[sdiy] Harmonic bandwidth

Richard Wentk richard at skydancer.com
Mon Jan 7 20:35:41 CET 2008


On 7 Jan 2008, at 18:08, Ben Lincoln wrote:

> Yes, sorry, I should have phrased what I wrote in a better way. I  
> agree that the main part of his approach is to replace pure  
> harmonics with clusters of closely-spaced (frequency-wise) sine waves.

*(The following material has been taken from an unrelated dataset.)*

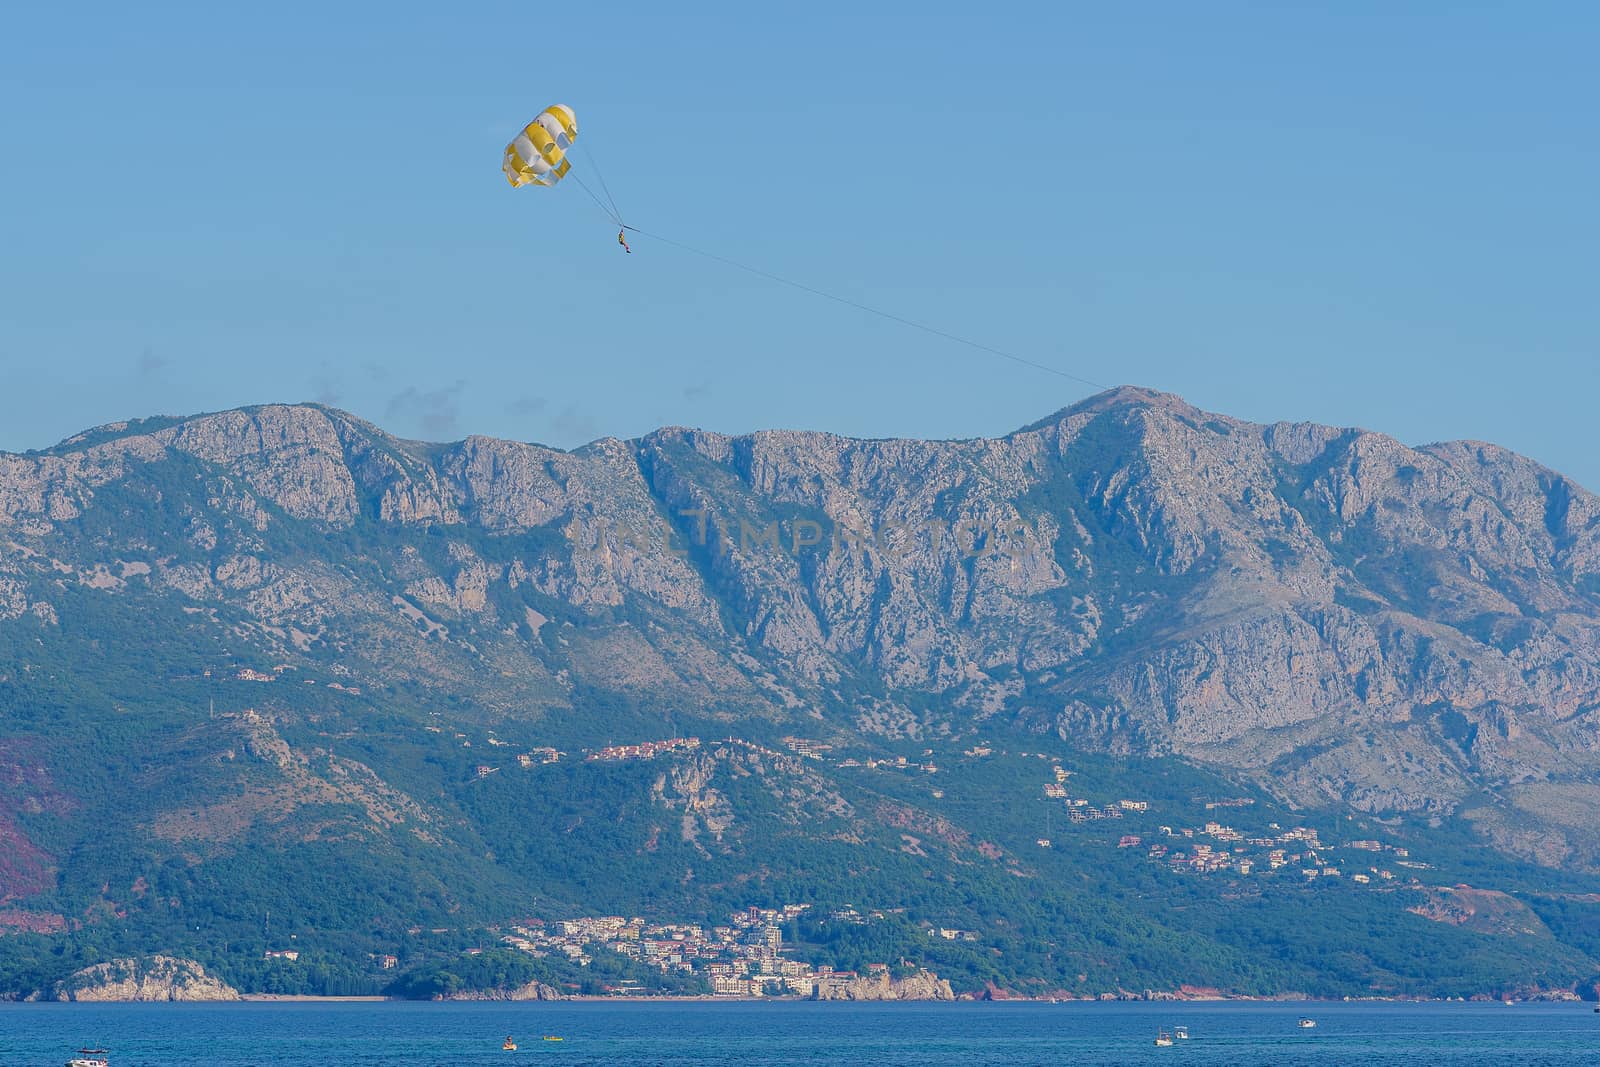 Parasailing. Man parachuting behind a boat against a blue sky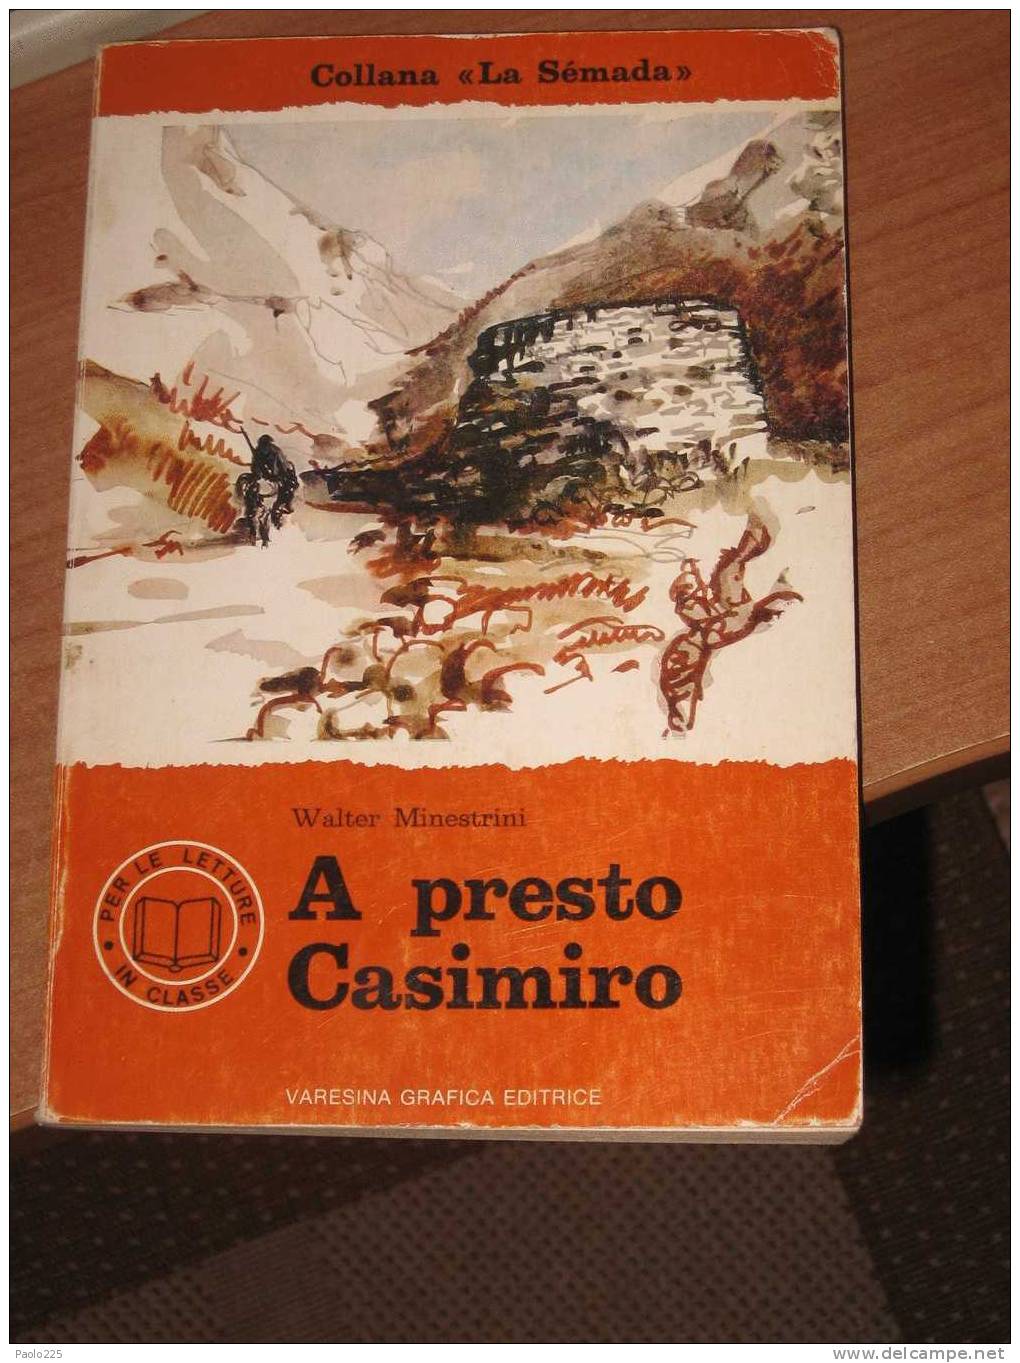 A PRESTO CASIMIRO - MINESTRINI WALTER - COLLANA "LA SEMADA" - Sagen En Korte Verhalen

The way to do this isn't to resynthesise using a sine bank, but to  
resynthesise using noise passed through a bank of very high Q  
filters. Depending on the noise spectrum and the filter Q you can add  
different kinds of 'fat'.

> What I meant was that since he lists the phase aspect as a separate  
> step, that he was using it to "smear" the harmonics in a different  
> way to alter or increase the complexity of the effect that he  
> obtains with the previous step.

Slightly randomising either frequency or phase components in an IFFT  
creates a chorus effect, providing it's done for the entire duration  
of a sample and not just for a single cycle.

A single cycle wavetable oscillator cannot reproduce this kind of  
fat, by definition, because it's a dynamic and not a static effect.

The chorus/fat effect is created by constantly varying changes in  
phase and frequency, not the static distribution of the overtones.